## Task directions
Could you output each line below precisely as it stands, without the images?

## Stored data
+++

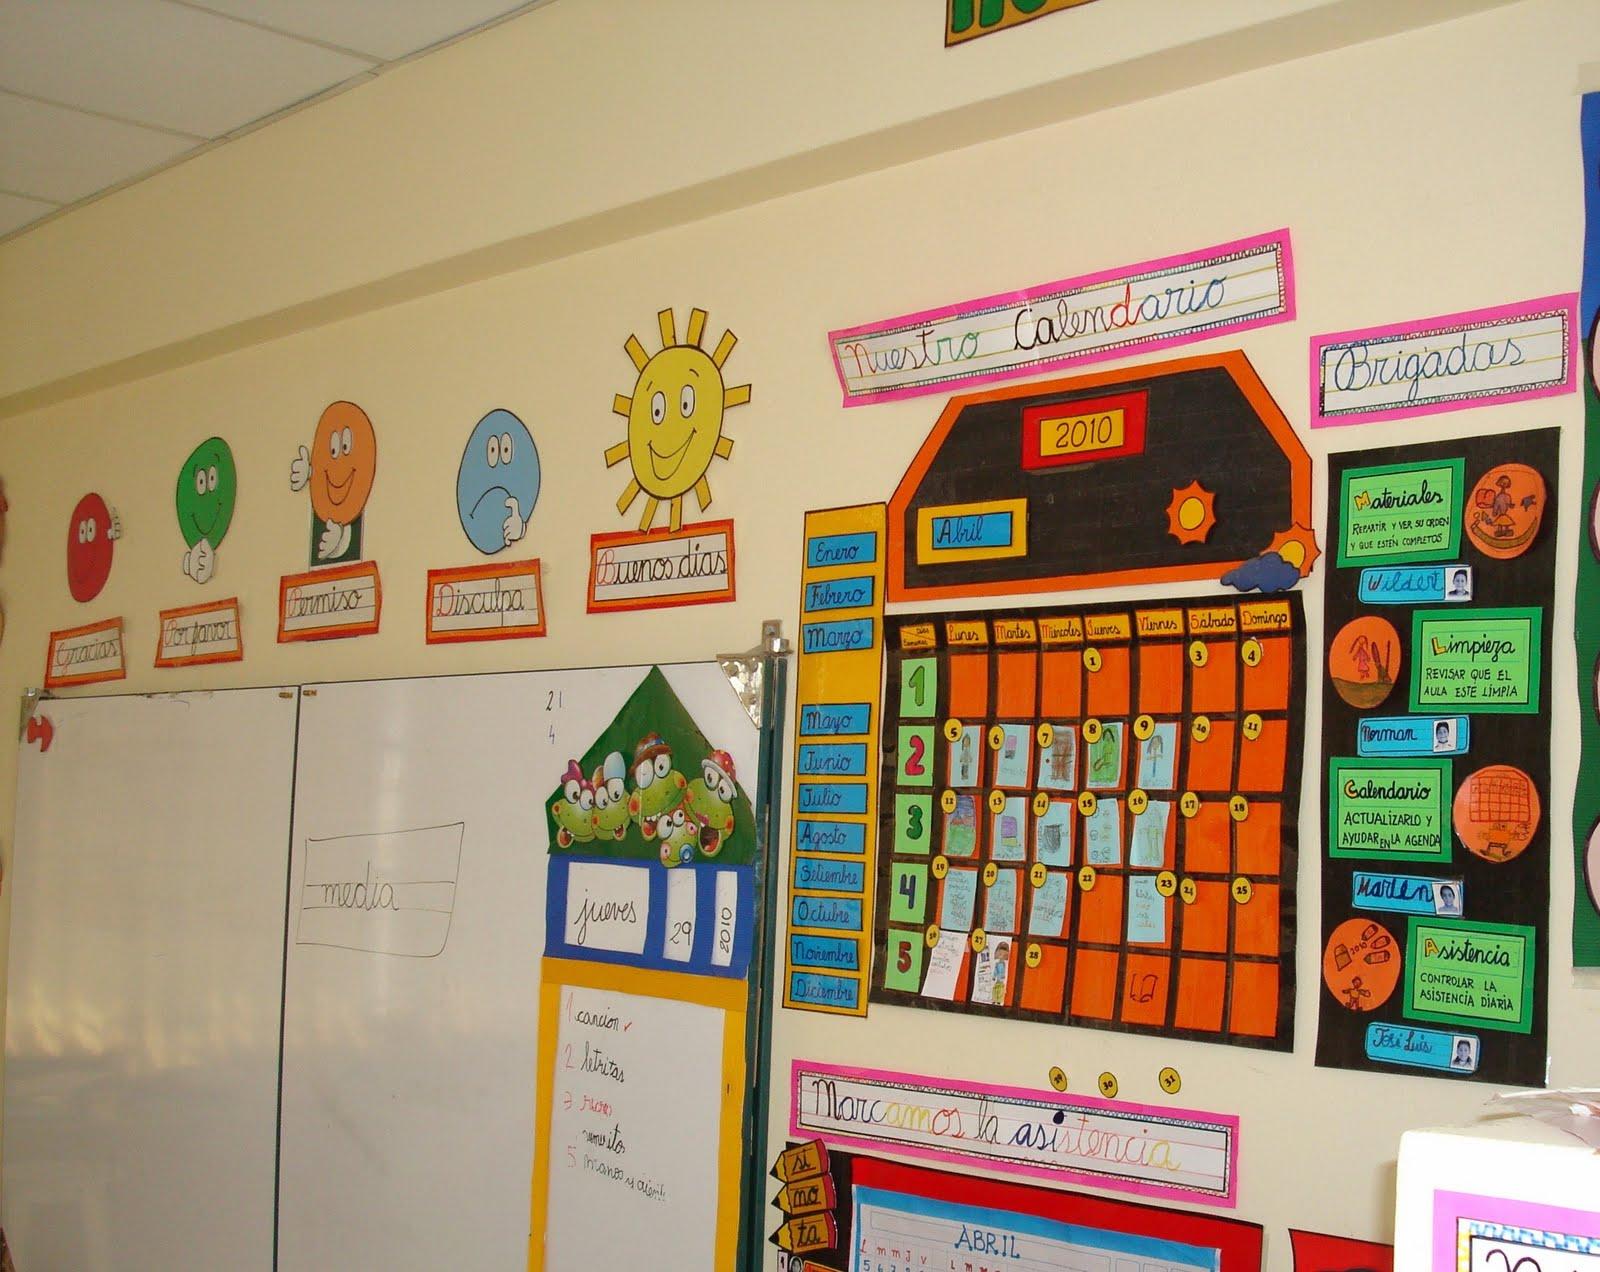 Educando con amor decoracion del aula for Decoracion de grado
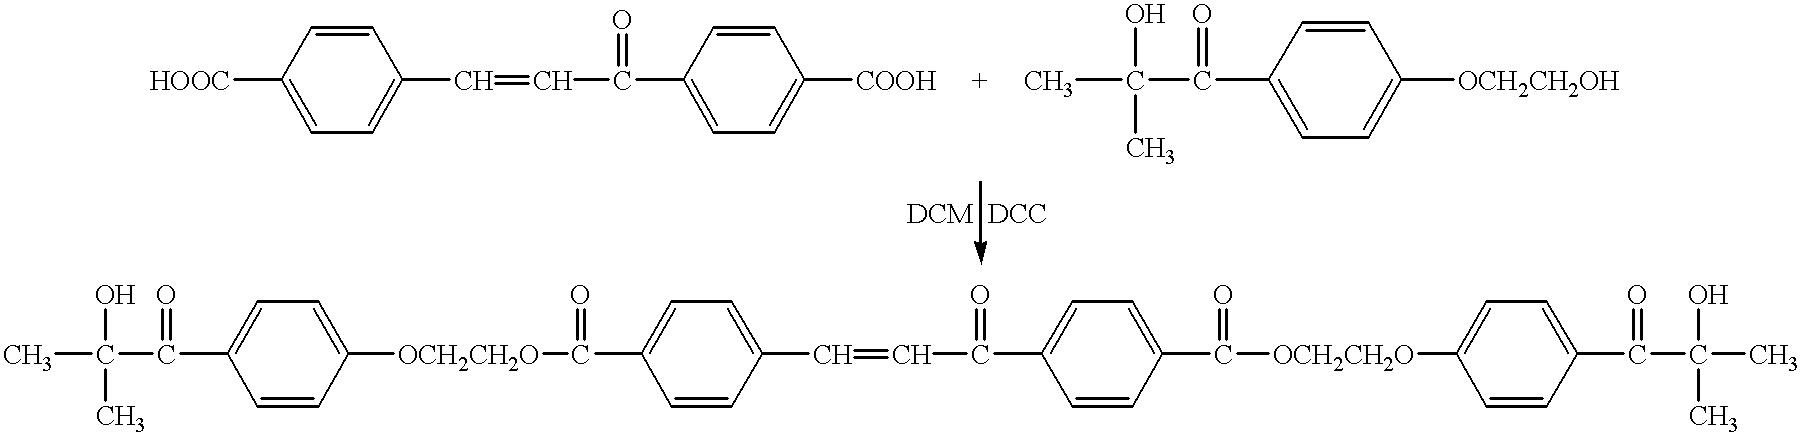 Figure US06242057-20010605-C00024
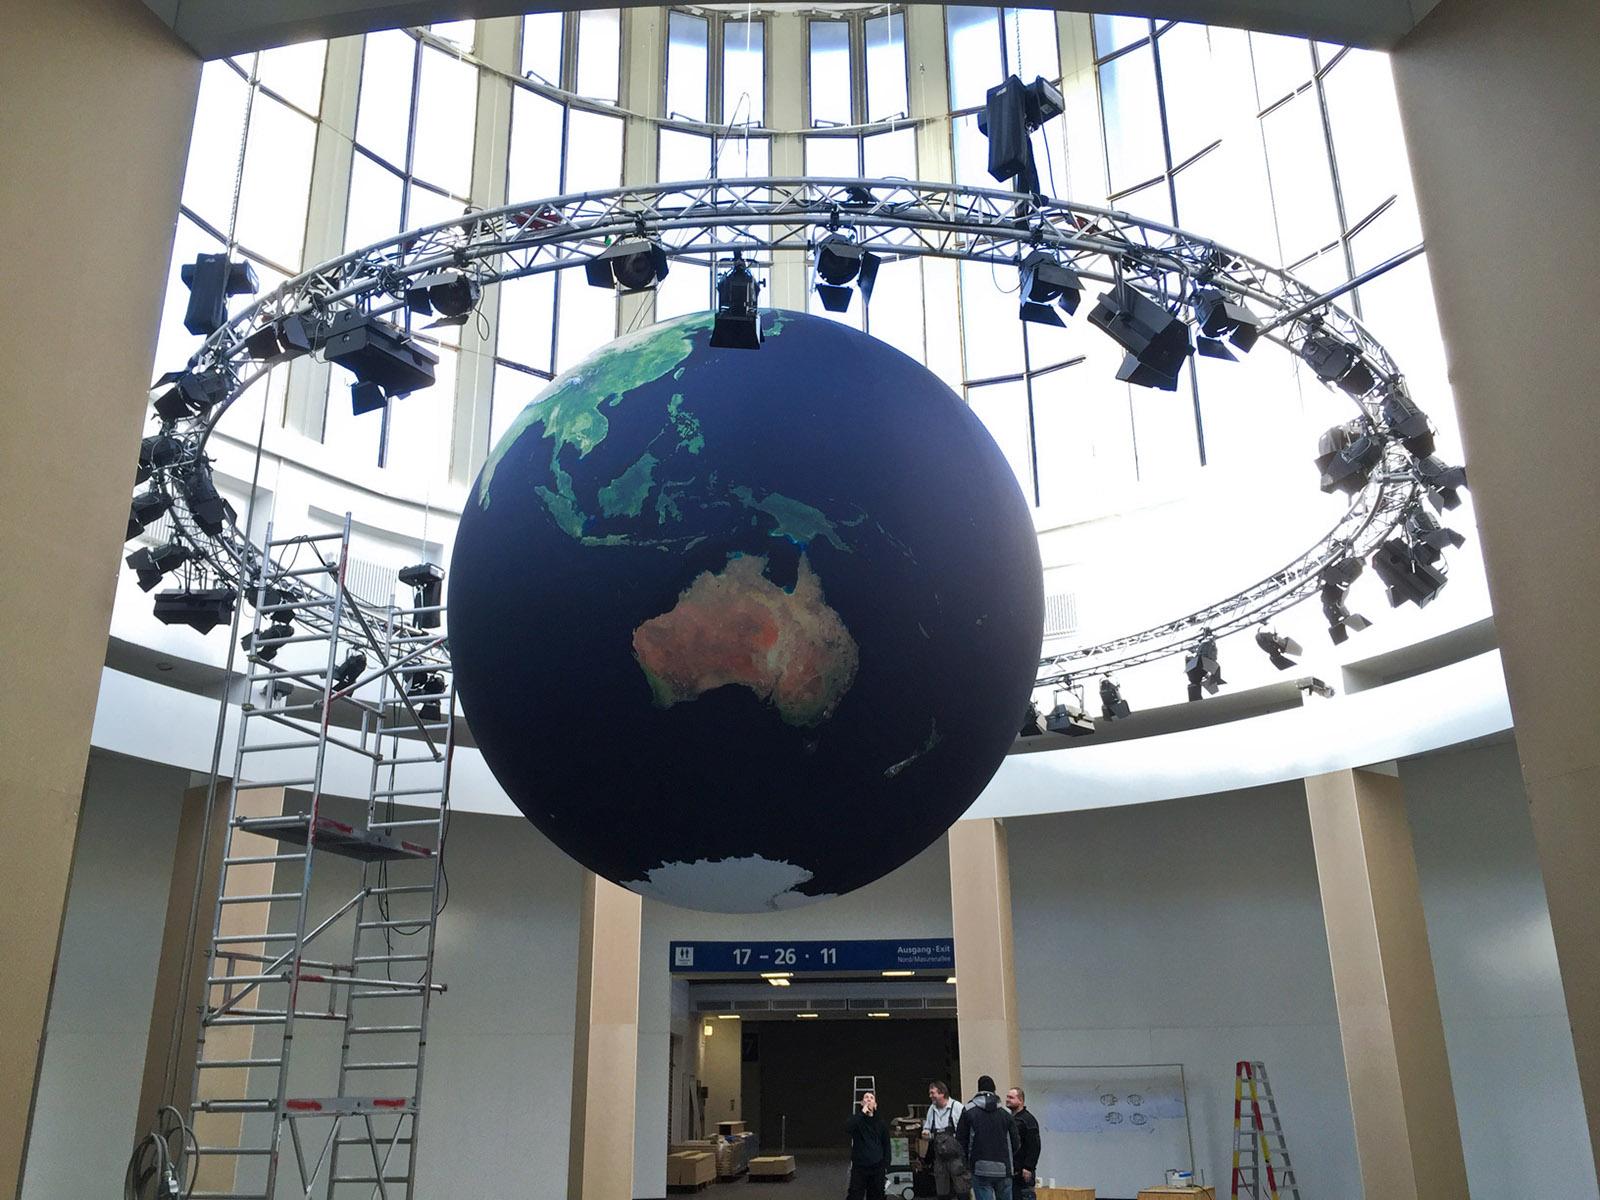 ITB - Globus-Ballon mit 5 Metern Durchmesser
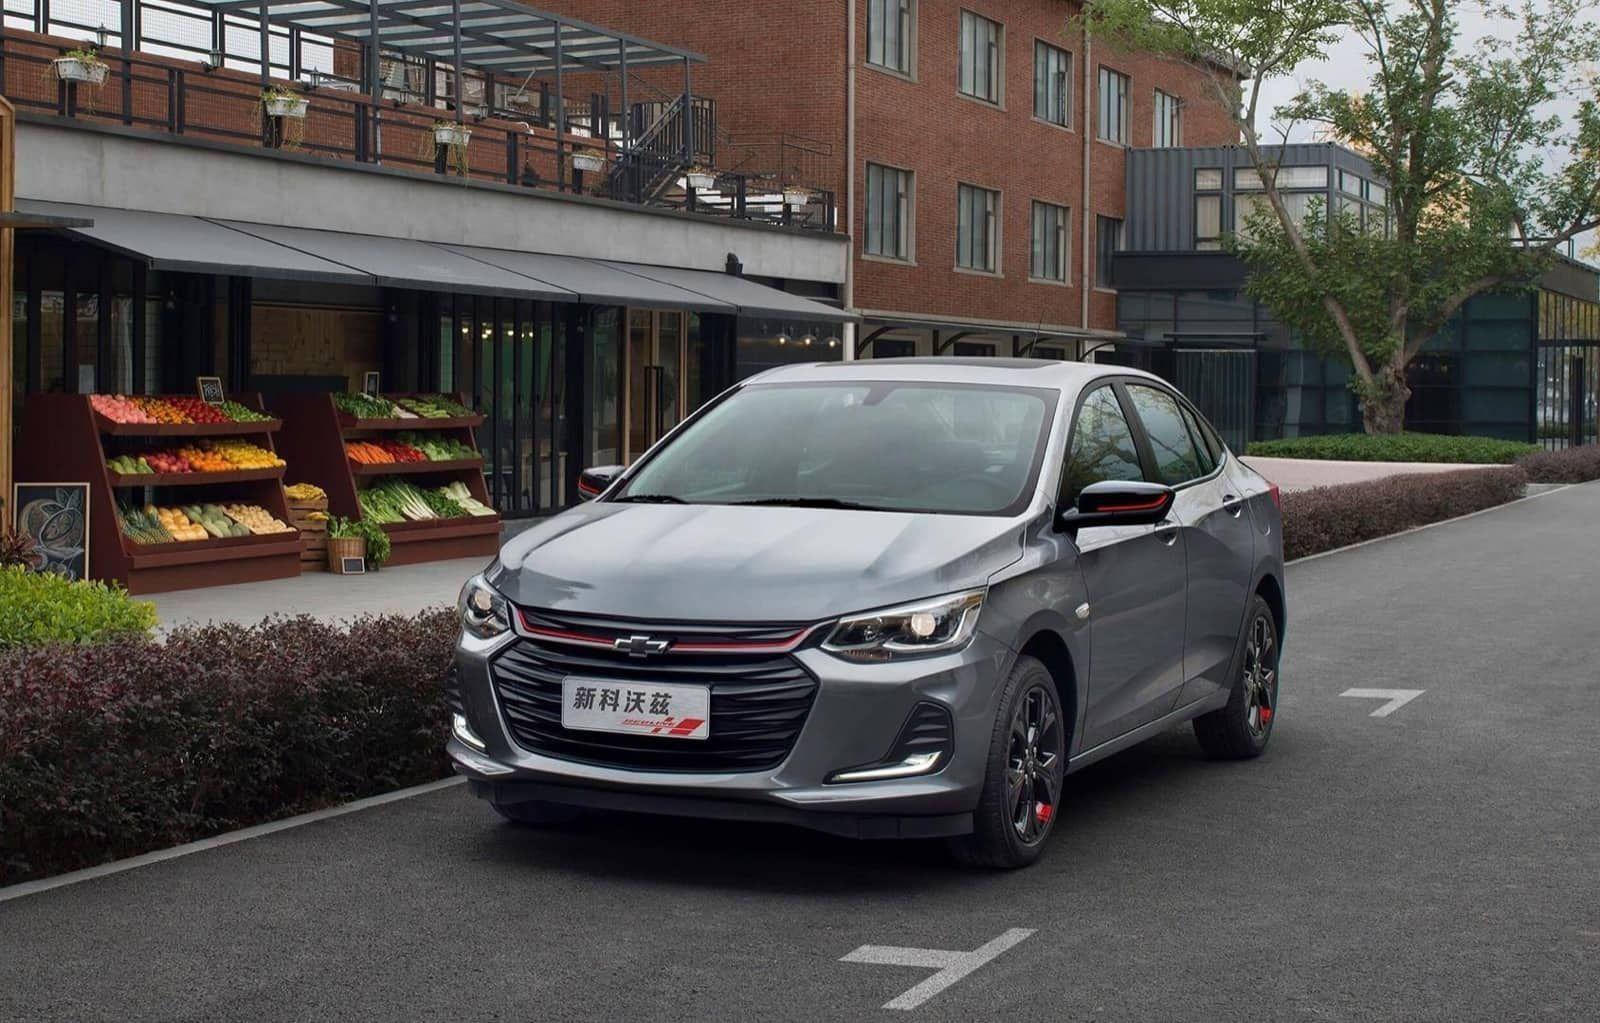 El Nuevo Chevrolet Onix De Saic Gm En Mayor Detalle Toyota Supra Carro Mais Vendido Jetta Gli

+++

## Answer to the problem
 Educando con amor decoracion del aula for Decoracion de grado
 Figure US06242057-20010605-C00024
 ITB - Globus-Ballon mit 5 Metern Durchmesser
 El Nuevo Chevrolet Onix De Saic Gm En Mayor Detalle Toyota Supra Carro Mais Vendido Jetta Gli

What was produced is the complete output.